Андрей стоял в углу подле стола, лицо у него было непроницаемое. Ближе всех к нему сидела Тоня, сгорбившись, крепко сжав губы, и порой исподлобья взглядывала на Зикунова. А Зикунов так и ходил от ребят к Андрею, от Андрея к ребятам. Серебряный карандаш, кошелек, непроливайка и варежки принадлежали Грише. Четырежды подходил Зикунов к Андрею – порознь за кошельком, чернильницей, карандашом и варежками – и четырежды возвращался к Лебедеву.
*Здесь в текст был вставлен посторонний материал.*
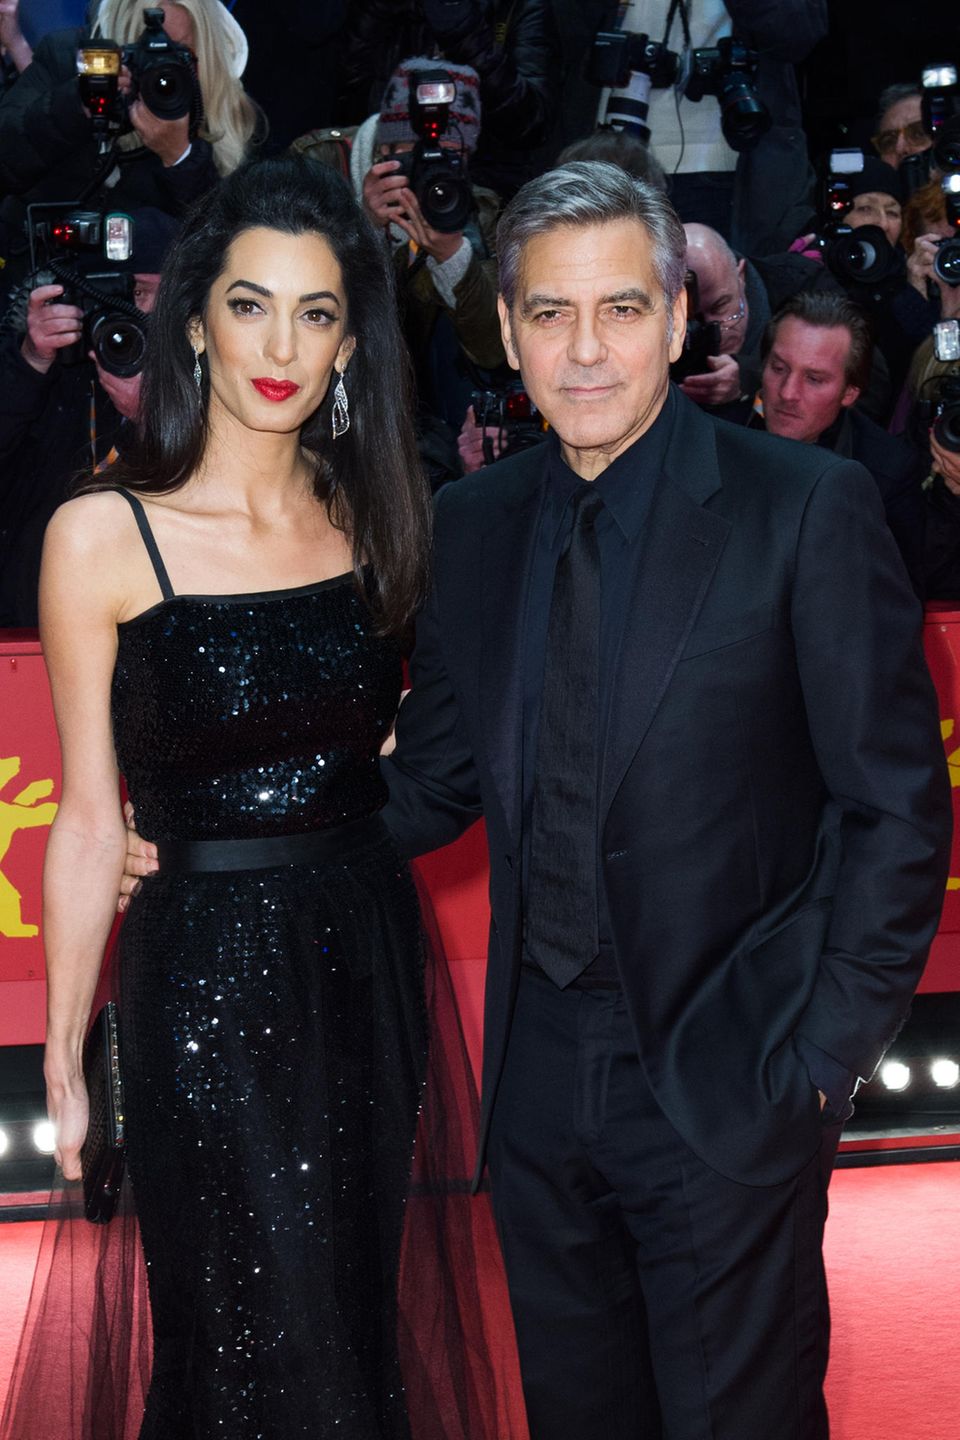 Amal Clooney ist und bleibt eine klassische Schönheit – Make-up unterstreicht diese nur. Und zwar genau so: Ihre vollen dunklen Haare hat die Anwältin zum Half-Updo gestylt, rote Lippen und ein mitternachtsschwarzer Lidstrich sorgen für nobles Drama auf dem roten Teppich in Berlin.
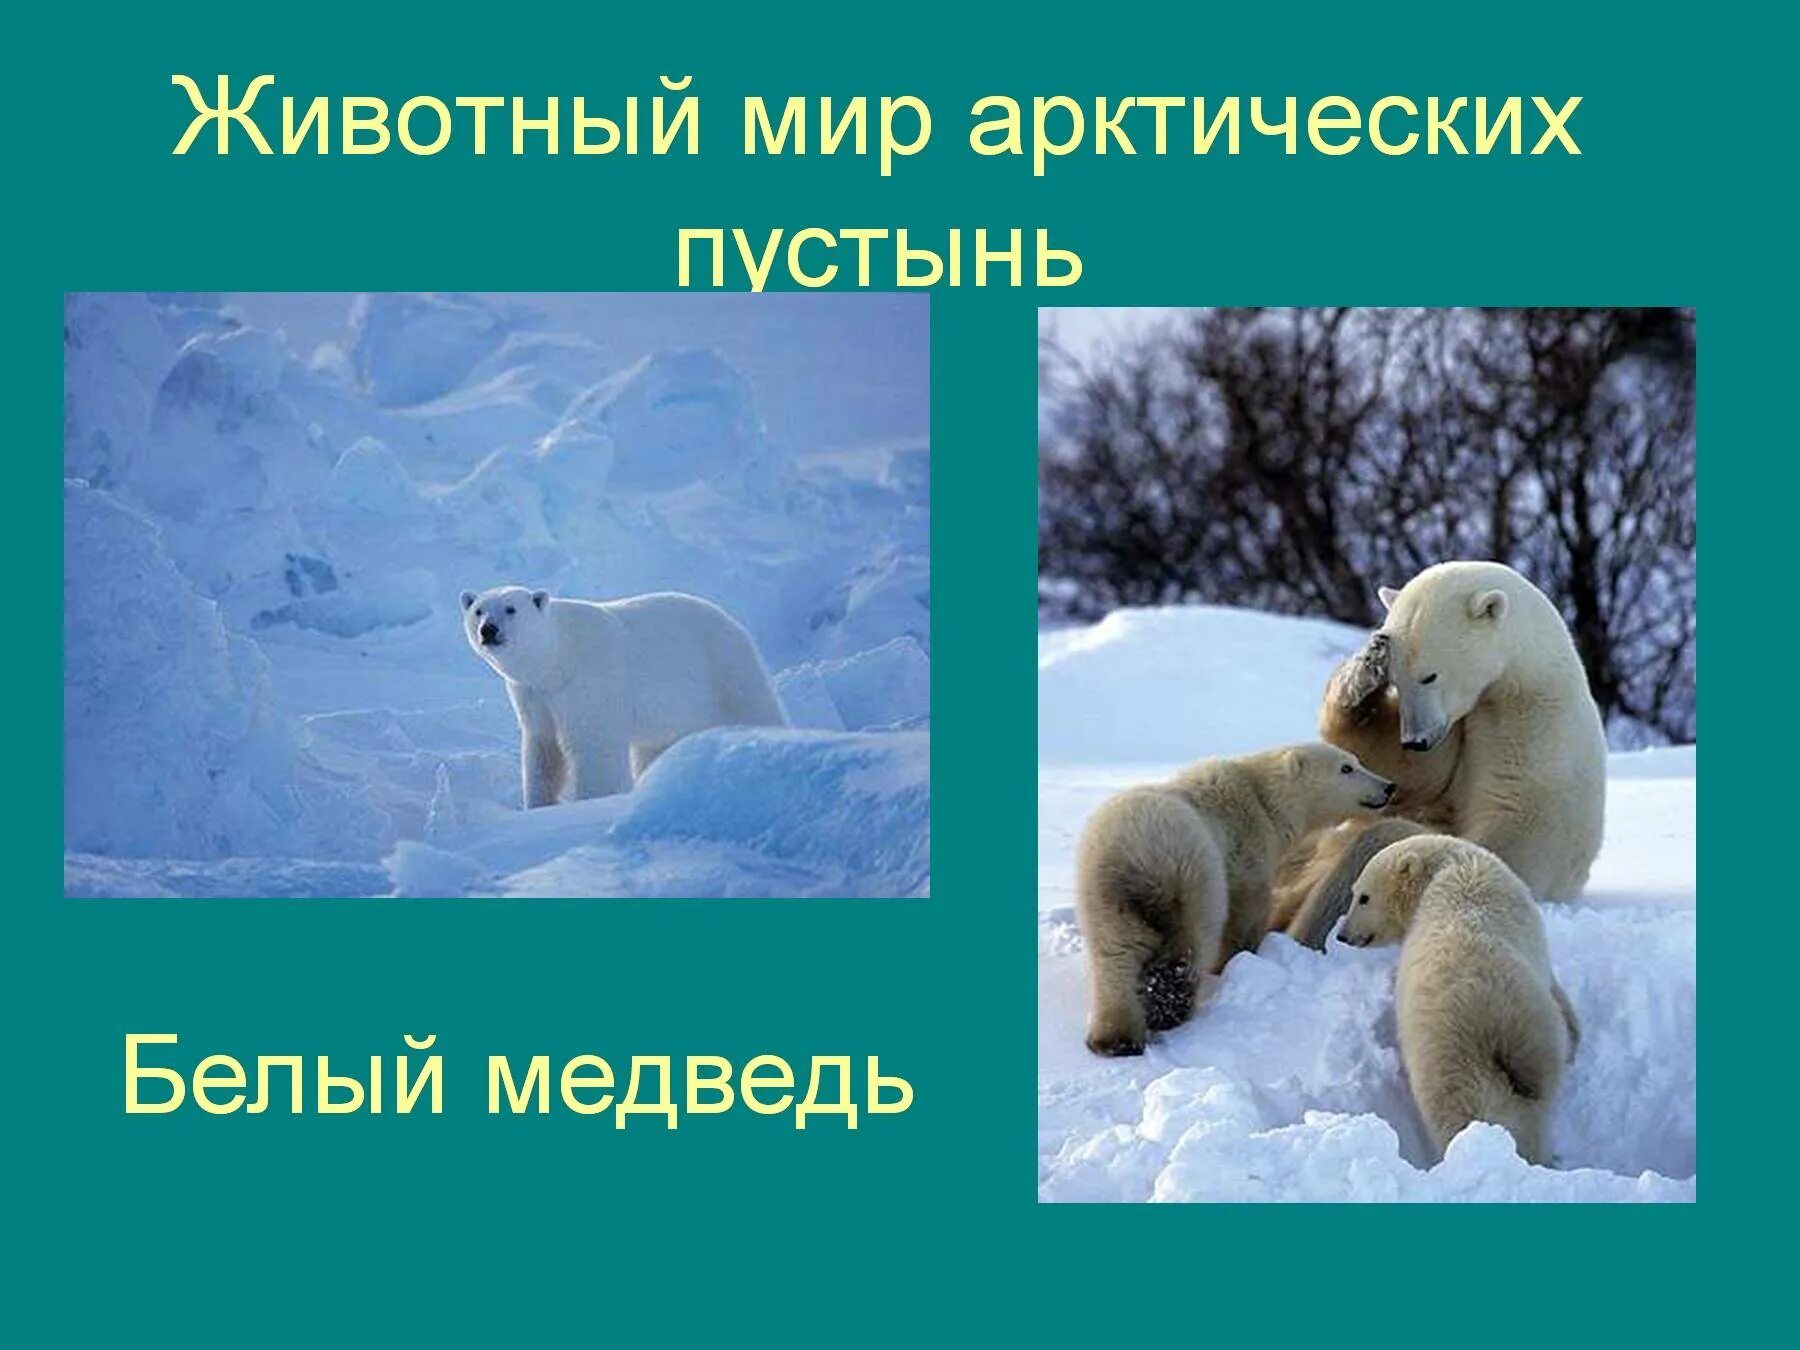 Определите животных арктических пустынь. Животный миарктических пустынь. Животный мир арктических пустынь. Животный мир арктической пустыни. Арктические пустыни животные.

Когда все было отдано, Андрей стряхнул платок, свернул его вчетверо и отдал Зикунову:
– Садись. Ужинай.
Зикунов взял платок, сунул в карман и пошел на свое место – между Велеховым и Борщиком. И ребята наконец принялись за простывшую кашу.
Я села напротив Наташи. Она взяла свою горбушку и уже хотела откусить, но что-то задумалась. И вдруг встала, подошла к Зикунову и положила перед ним нетронутую горбушку.
– Это тебе за Тёму, – сказала она и вернулась на своё место.
Мгновение тишины. Вскочил Шура, бросился к Зикунову:
– За Лебедева!
И положил да стол два куска сахару.
– За Киру, – сказал Женя, кладя перед Зикуновым свою порцию.
Так ребята перебрали всех ленинградцев. Они подходили к Зикунову по очереди, без суеты и толкотни. Каждый клал свой ломоть спокойно, бережно. Только Тоня почти швырнула Зикунову в лицо свой кусок и с криком:
– Подлец же ты! Еще и хлеба ему! – вылетела из столовой.
Справа Велехов усмехался краем губ. Слева Борщик смущенно, как будто исподтишка, пододвинул Зикунову кусок сахару, поколебался долю секунды, багрово покраснел и пододвинул второй кусок.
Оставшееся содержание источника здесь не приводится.